Г. Коган - Ф.М.Достоевский. Новые материалы и исследования
Разбор же произведений, подтверждающий и без того убедительную мысль о народности Пушкина, мог дать повод для недоумений. Характерно, что, дорожа впечатлением от своей речи, Достоевский напечатал ее в том же виде, в каком она была произнесена. Так, он исключил из нее упоминание о Наташе Ростовой, имя которой хотя и было произнесено, но не было услышано среди оваций.
Вопрос о связи творчества Пушкина с его предшественниками и современниками, литературная и общественная борьба того времени находились за пределами внимания Достоевского-оратора. Однако в ранних отрывках содержались сравнения Онегина с Чацким и Мироновых с Простаковыми. Эти параллели могли вызвать посторонние ассоциации и, возможно, поэтому были исключены. Ни о Фонвизине, ни о Грибоедове в речи не упоминается.
Из критиков Пушкина Достоевский ссылается на Гоголя. Имени Белинского он не упоминает, но в целом ряде записей ведет с ним полемику; вся его характеристика образа Татьяны построена на возражениях Белинскому.
Основная часть записей публикуемых рукописей, как в этом можно легко убедиться, составила основу всего очерка о Пушкине. Во фрагментарной, тезисной форме здесь содержится все то, что в более или менее развернутом виде, а иногда и без всяких изменений, было перенесено в окончательный текст.
Черновые наброски еще в большей степени, чем речь, опубликованная в "Дневнике писателя", отражают непримиримые противоречия мировоззрения Достоевского.
<1>
1. Понявший и правду его, что наметил уже в иноке-летописце.
Но ведь несчастен и Онегин? Позвольте тут другой вопрос, я вот как думаю.
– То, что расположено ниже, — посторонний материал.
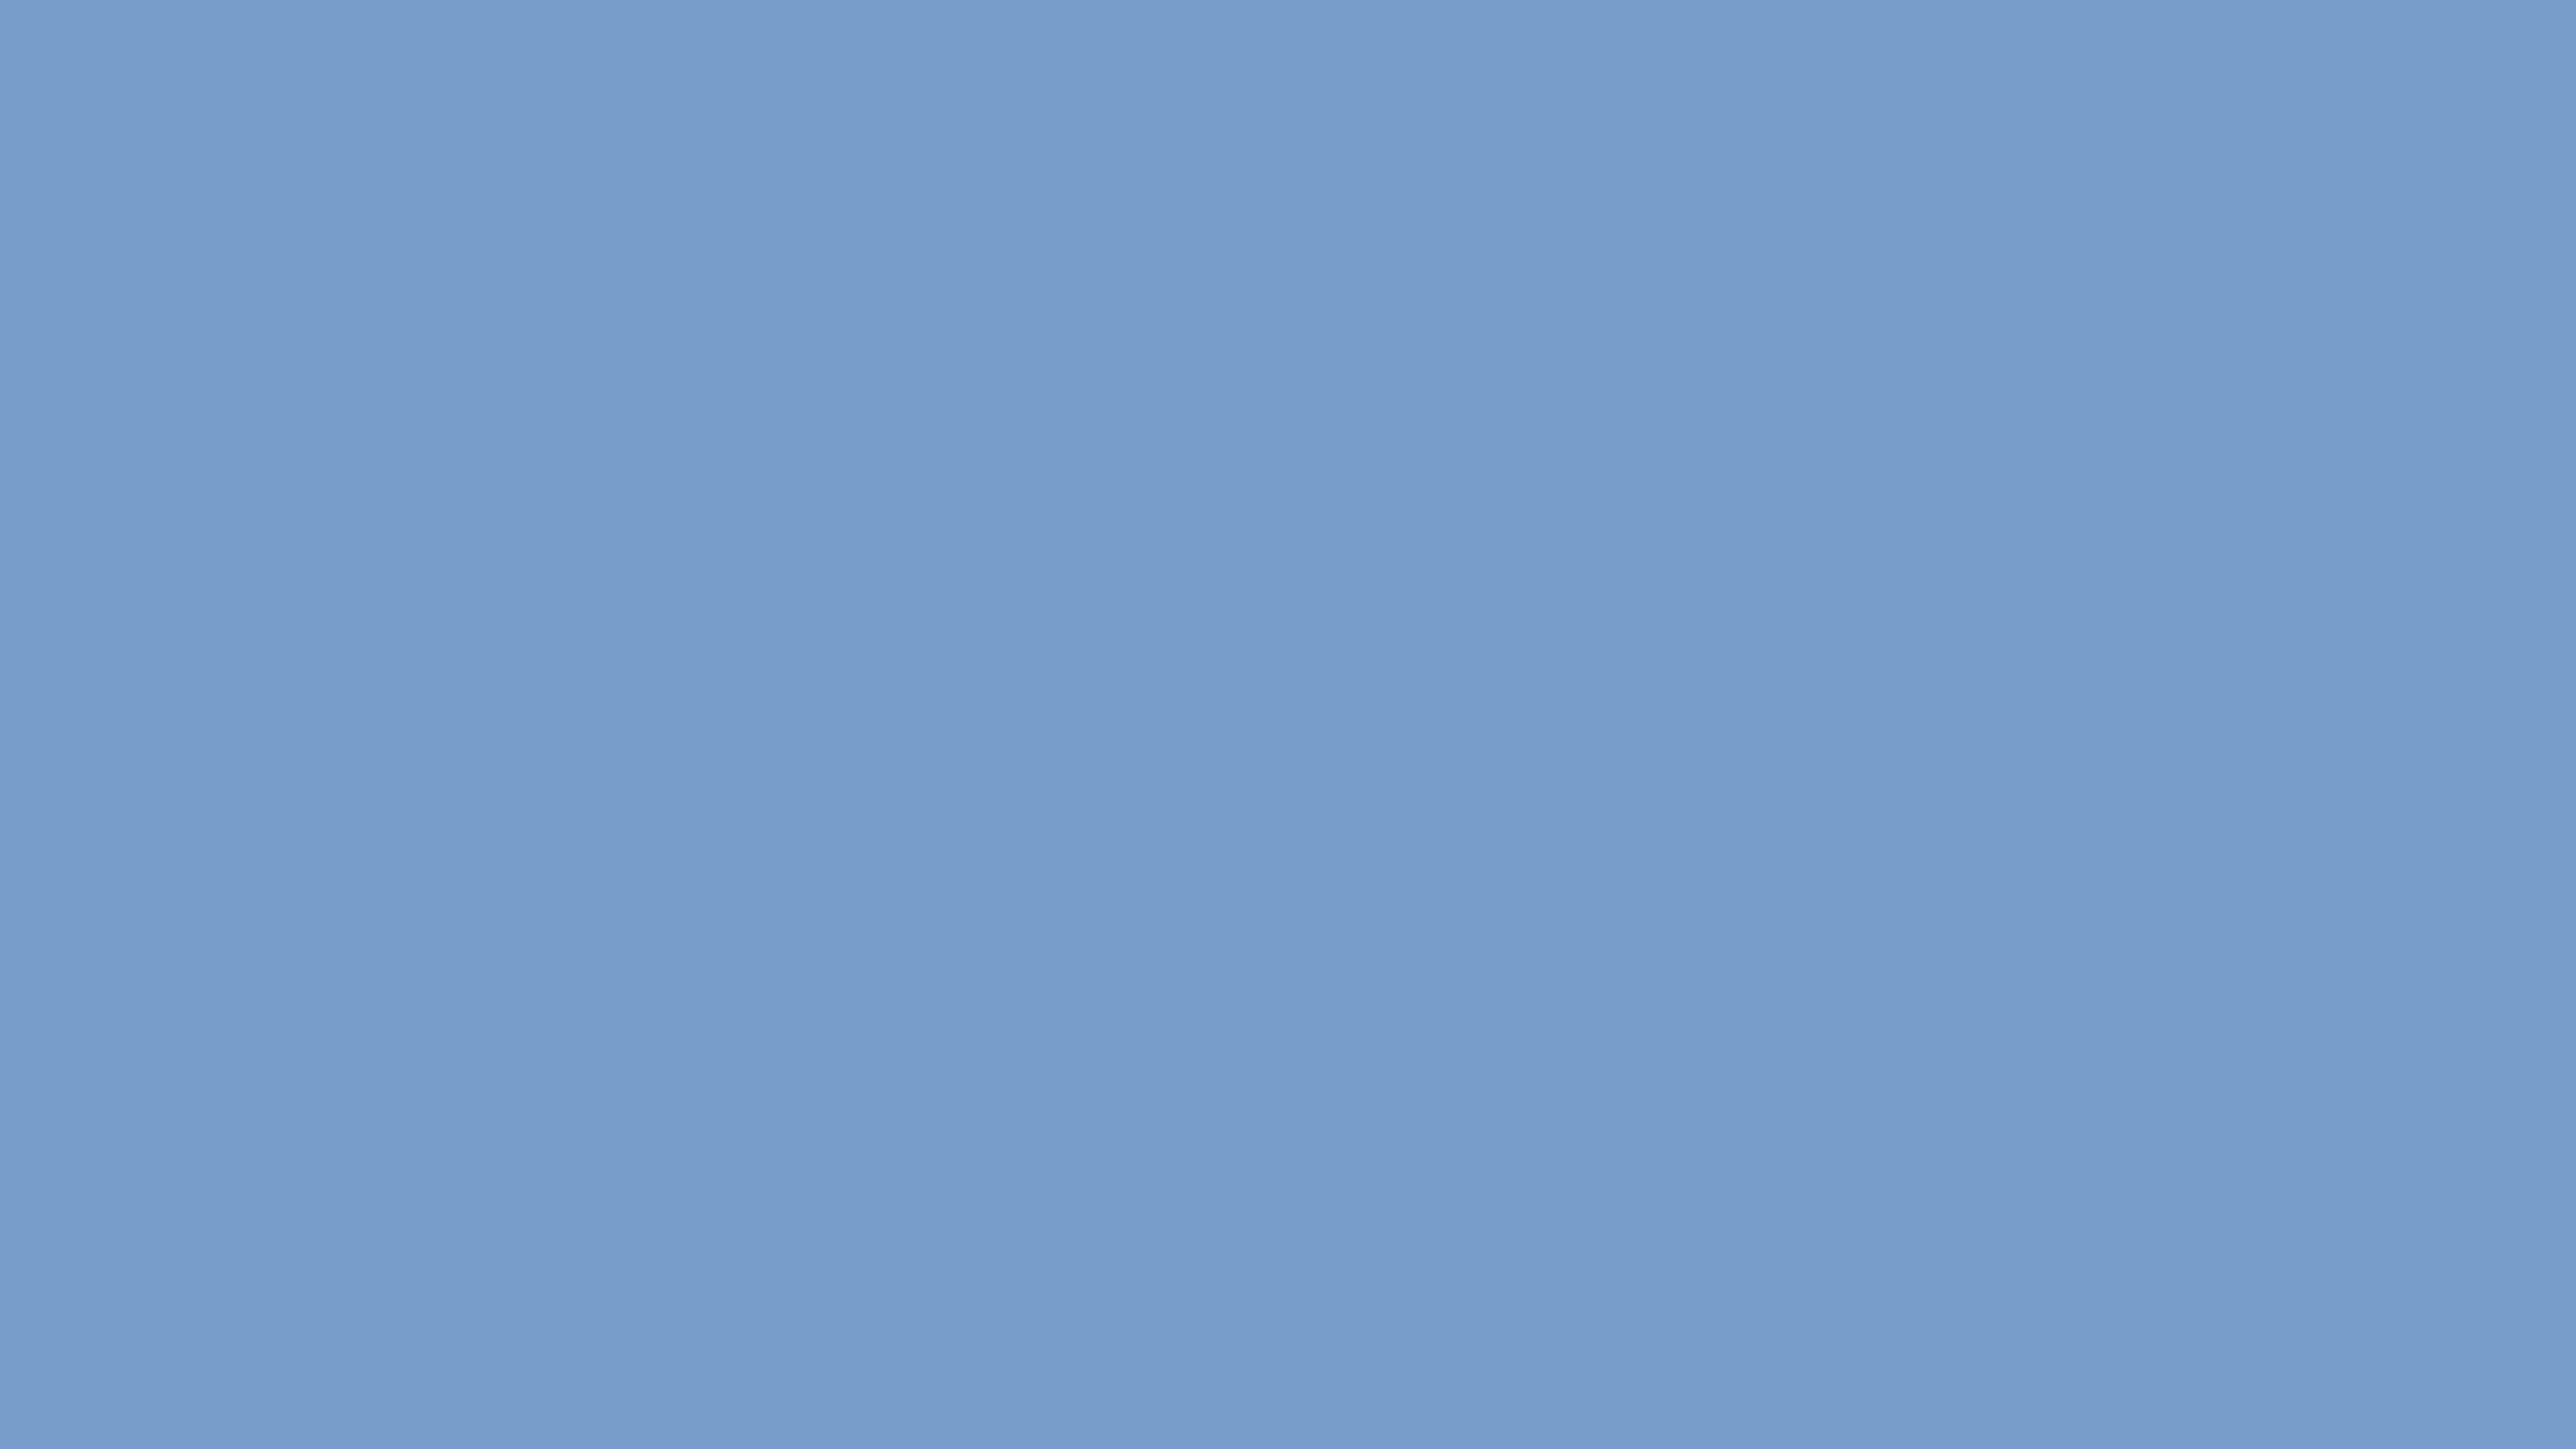 4096x2304 Dark Pastel Blue Solid Color Background

Никогда еще ни один русский писатель не соединялся так духовно и родственно с народом.
До сих пор все это господа о народе пишущие.
И эта черта в Пушкине столь ярка, что ее нельзя не заметить и не отметить как главнейшую его особенность, какой ни у кого не бывало. Тут такая особенная черта, что ее нельзя не заметить.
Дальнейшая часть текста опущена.